Nope - don't round intermediate results that you use for further calculations. 0.003 and 0.00324 (which has a correct number of significant digits) differ by over 7%.

SyntheticVisions said:
17% Metal

As 48% was wrong this is wrong too.

SyntheticVisions said:
Mole ratio of M to Br is 1:2 so:

moles M = x
(.003 mol Br)

2x = .003
x = .002 moles M

0.003 was wrong, 0.002 is not much better.

SyntheticVisions said:
.002 mol M = 17g / x

17g and 17% are not the same thing, you meant 17% of 0.500 grams (initial mass sample).
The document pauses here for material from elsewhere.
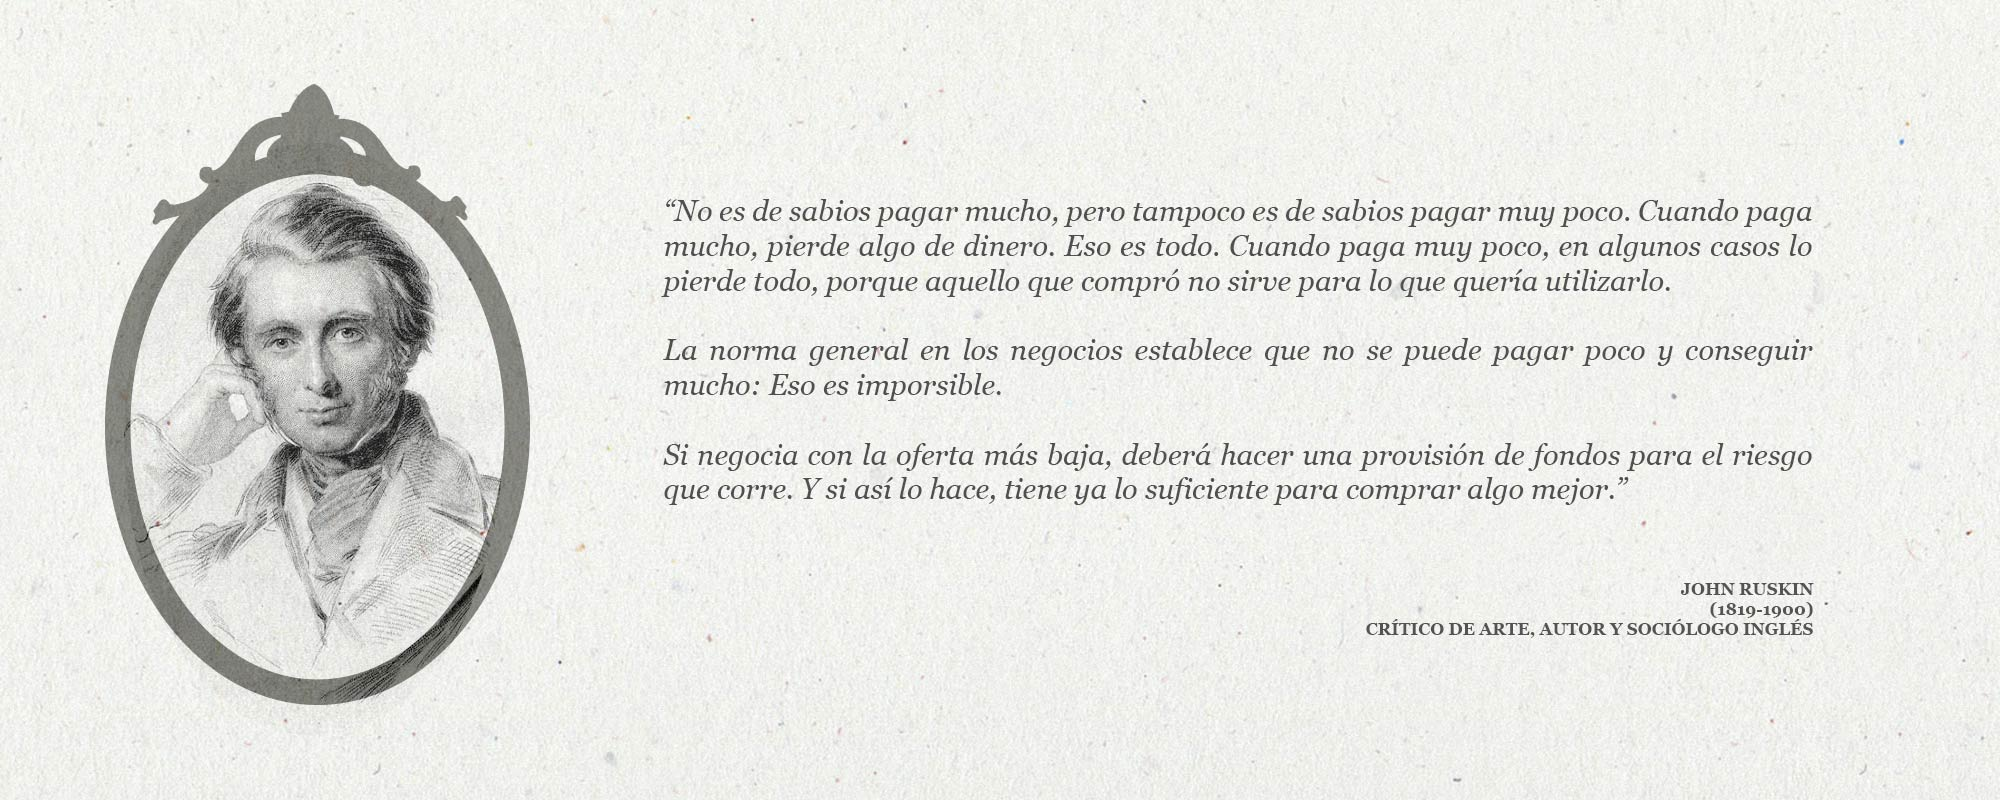 Cita de John Ruskin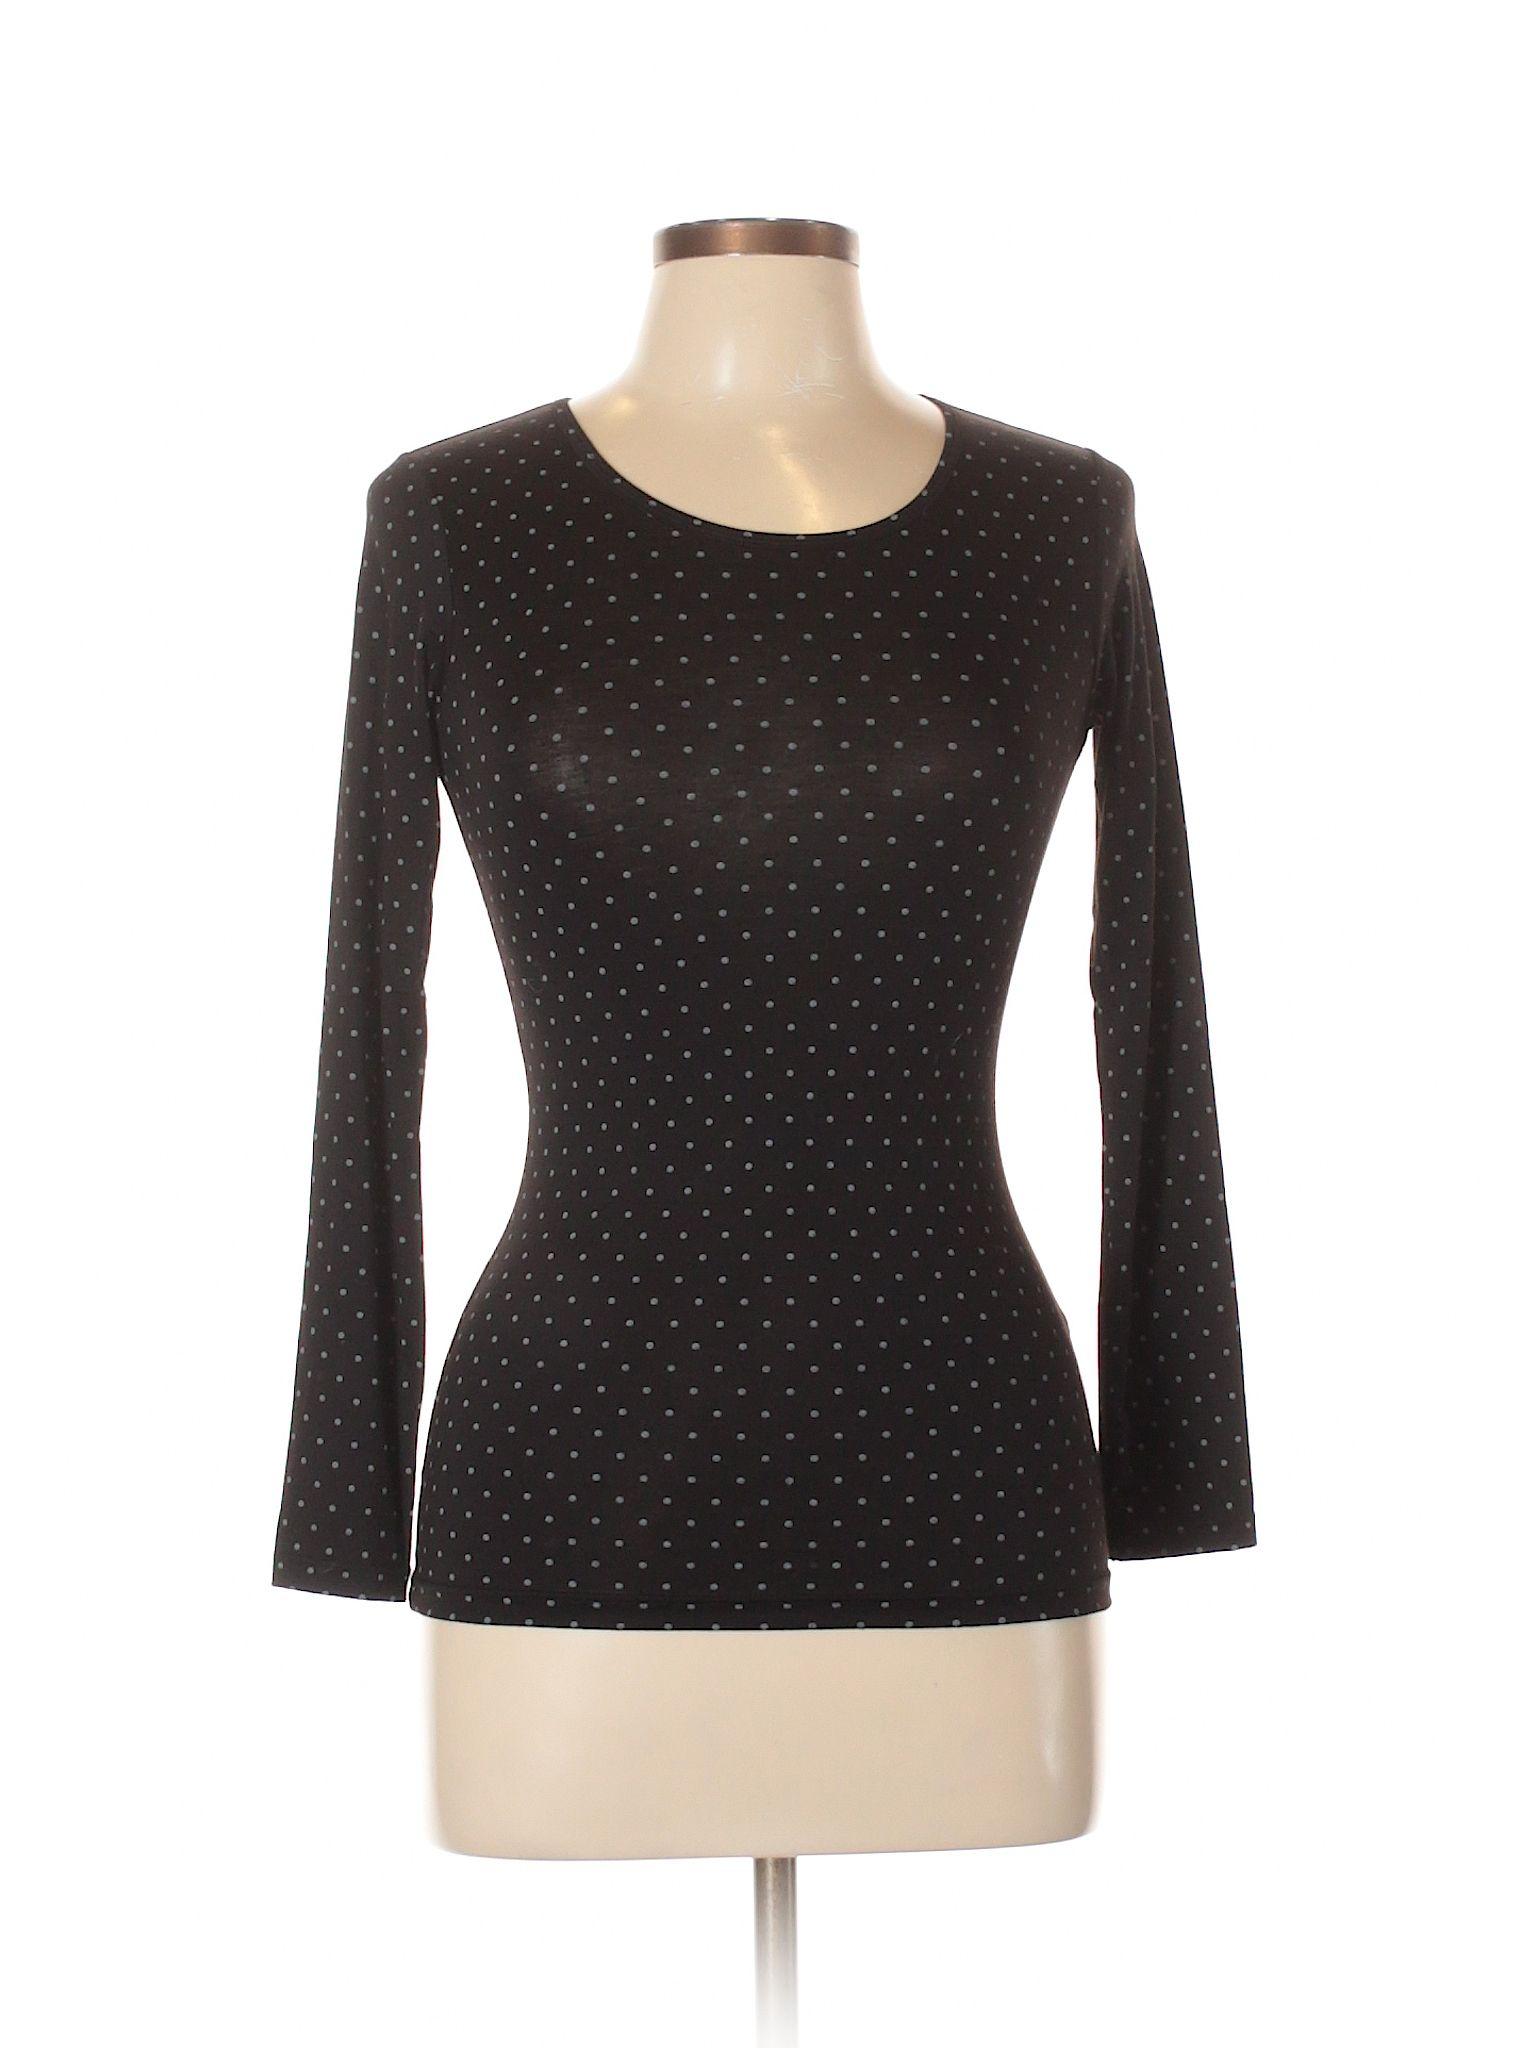 Ut for uniqlo long sleeve t shirt size black womenus tops

That was a good thinking, but even after using 17% of 0.500g as a metal mass you won't get the right answer, as both 0.002 moles and 17% are wrong due to the rounding errors.

Note, that while finding the identity of the metal is possible (Ca), the hydrate is not stoichiometric - there is no integer n which produces results described in the question. It is not a hydrate, more like just a wet salt. Quite wet.